KJ I do agree with the whole facebook thing. I have plenty of guy friends on facebook. I love women, so there is no way that could make me gay haha. The whole friend thing is completely my own fault. Like you said NO_EQL, I have really spent all my time with my 3 sons and 1 daughter. Now my kids are getting older, they are spending more time with their friends.

My wife and I spend alot of time together and have a great marriage, but when she is hanging out with her friends I am bored as hell. I figured that I was not the only person like this or their would be a bunch of other 30-40 year old married guys looking to make some friends.

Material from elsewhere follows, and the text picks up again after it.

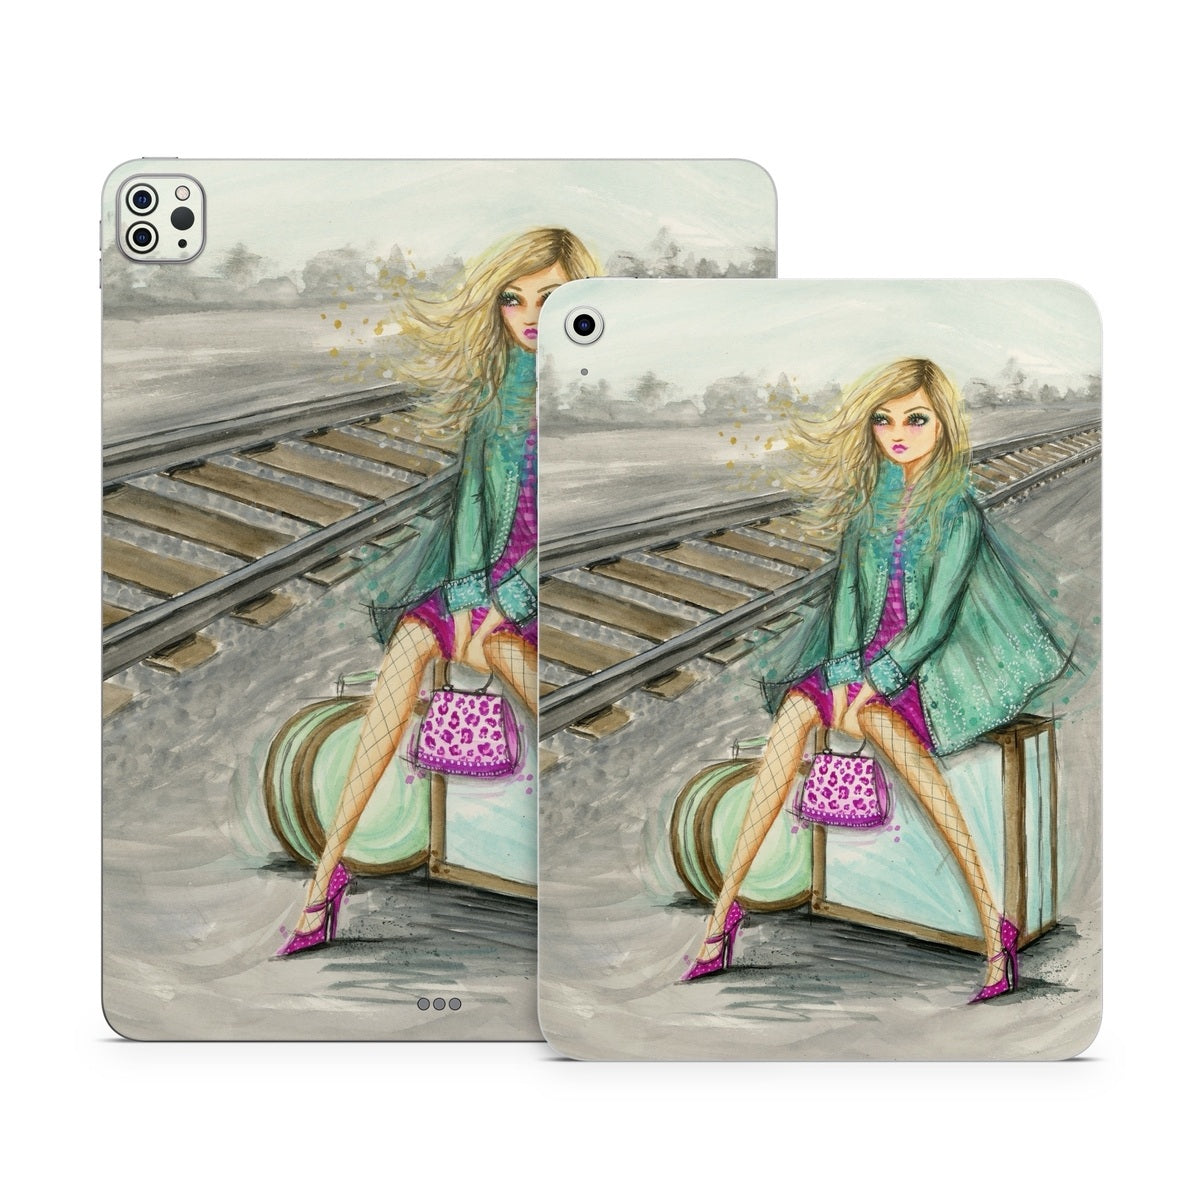 Lulu Waiting by the Train Tracks - Apple iPad Skin

If my house did burn down I wouldn't know who to call. My wife would have to call someone lol. It might be time to take up golf or something?



KJFITNESSDUDE
Posts: 15,628
9/14/11 9:26 A

I know this guy & he is DEFINITELY a "Make me a sandwich, B*tch!" kinda guy. I heard him say last year at a party that men who have other men as friends are gay. The conversation was about friending people on FaceBook and he said he would NEVER friend a dude on FB because people might think he was gay.

How "gay" is THAT!?
LOL!





N0_EQL
Posts: 625
9/14/11 7:25 A

The answer is maybe. But it is not your spouses fault.

The issue is that when we were an agrarian culture men worked along side men. Sons with fathers often mulch-generational extended family farm operations. The industrial revolution changed all that.

The mens' faith movement has noticed this and tried to address it with such books as "Wild at Heart", Journey of Desire", "Courageous Faith" and others.

The question has been posed. If you came home and found your house burnt to the ground who would you call. Most men in our culture really don't have a ready answer. We have lost our connection to other men. This can bring added challenge when in a family as we do not interact with other men as sounding boards. As iron sharpens iron so do men sharpen each others development.

As was said earlier. Women seek this out, by nature they tend to be relational. As society has shifted the natural links of father to son have changed and require us as men to seek out such relationships with other men.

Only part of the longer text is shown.